- [PROBLEM DESCRIPTION]: Retype, without changes or pictures, only the lines that begin at the one containing "- Offered in" and end at the last line of the records that follow.

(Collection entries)
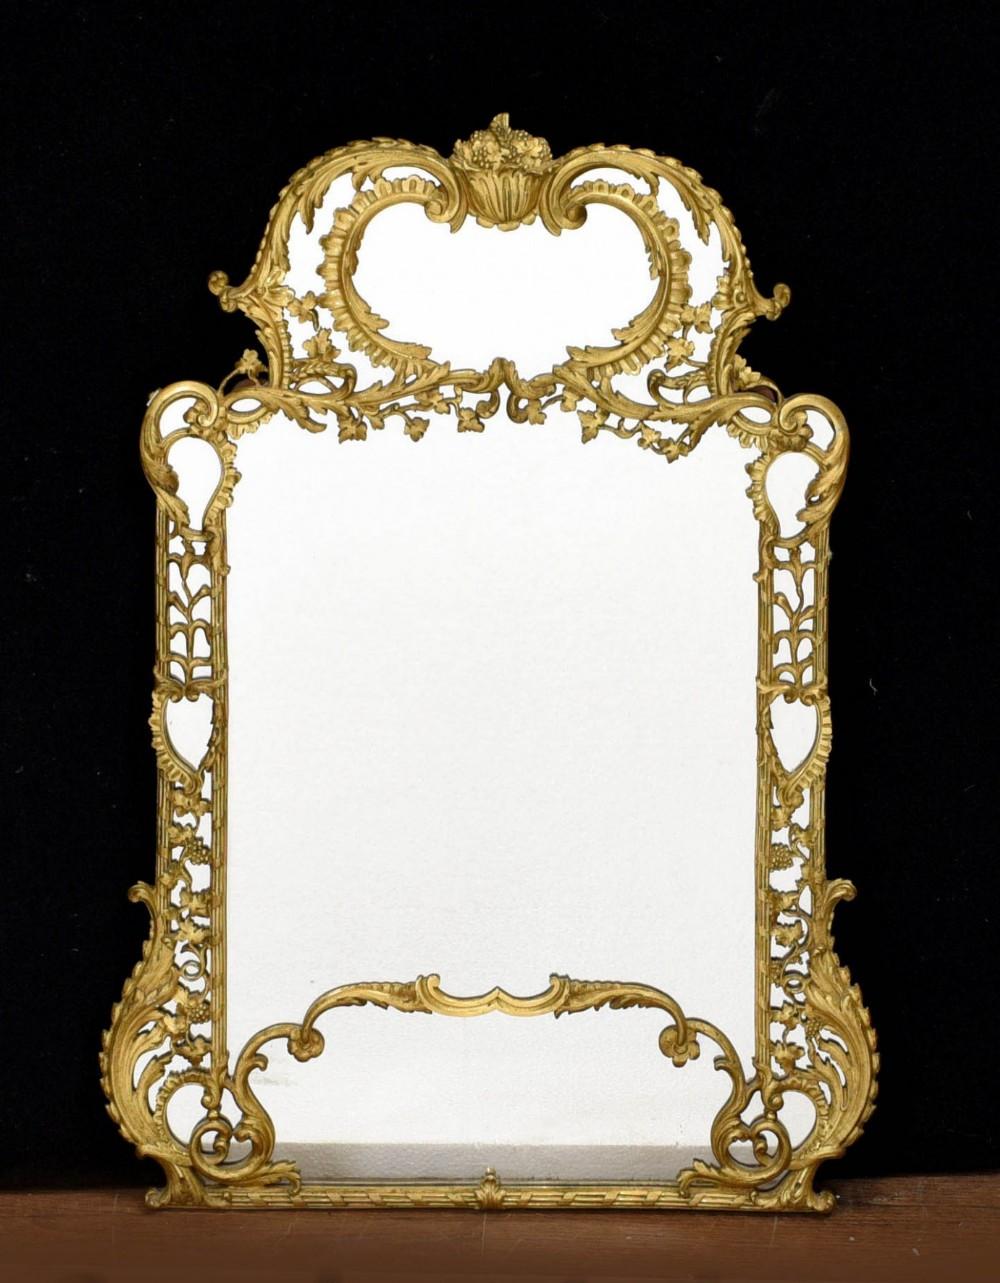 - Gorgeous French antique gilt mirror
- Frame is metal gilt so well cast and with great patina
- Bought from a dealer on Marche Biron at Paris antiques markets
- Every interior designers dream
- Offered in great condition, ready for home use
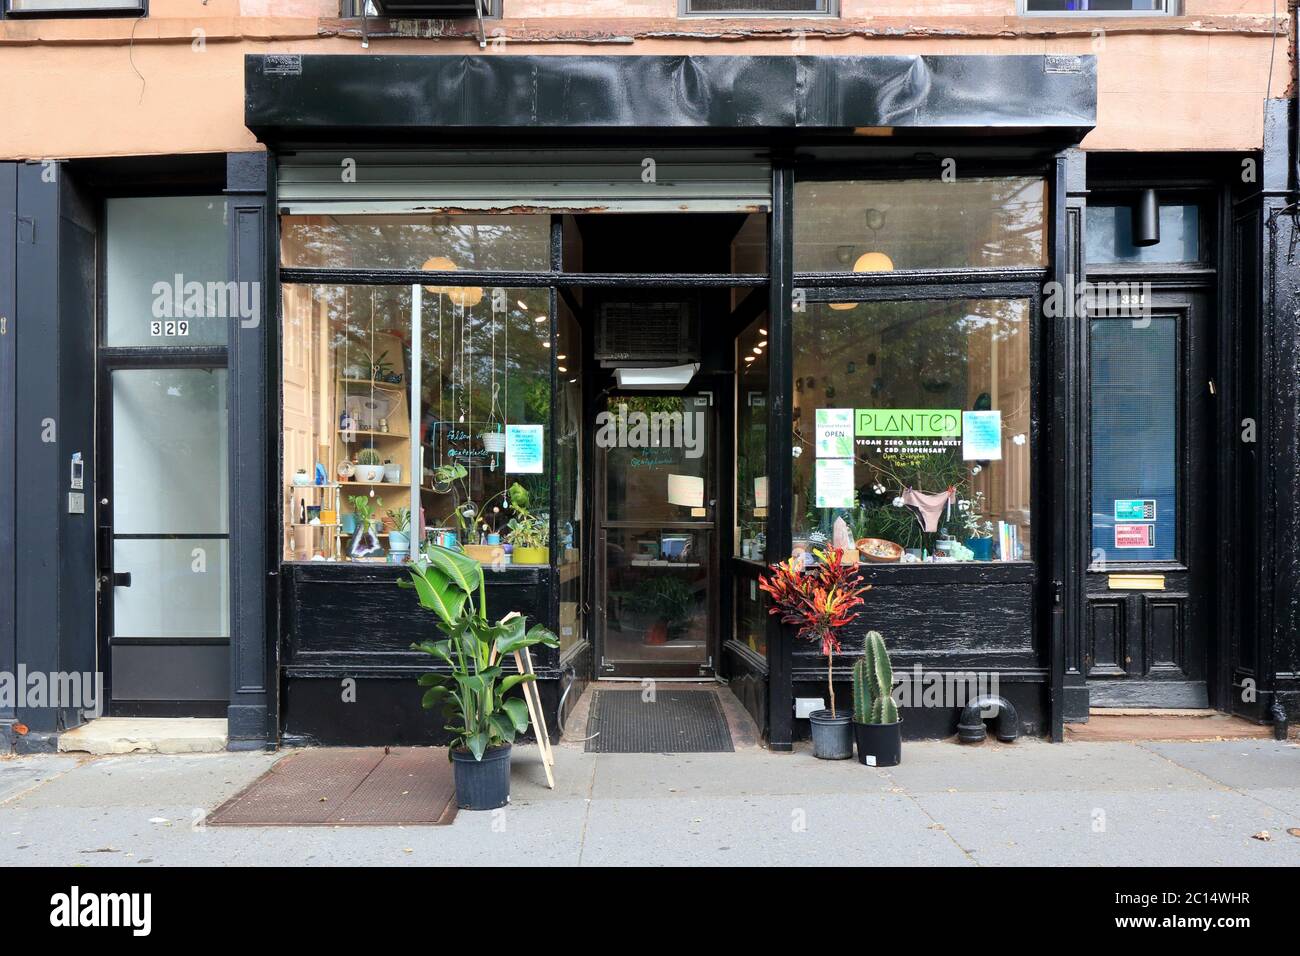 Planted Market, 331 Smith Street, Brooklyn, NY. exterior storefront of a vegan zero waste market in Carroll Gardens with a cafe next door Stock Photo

- [WRITTEN RESPONSE]:
- Offered in great condition, ready for home use
 Planted Market, 331 Smith Street, Brooklyn, NY. exterior storefront of a vegan zero waste market in Carroll Gardens with a cafe next door Stock Photo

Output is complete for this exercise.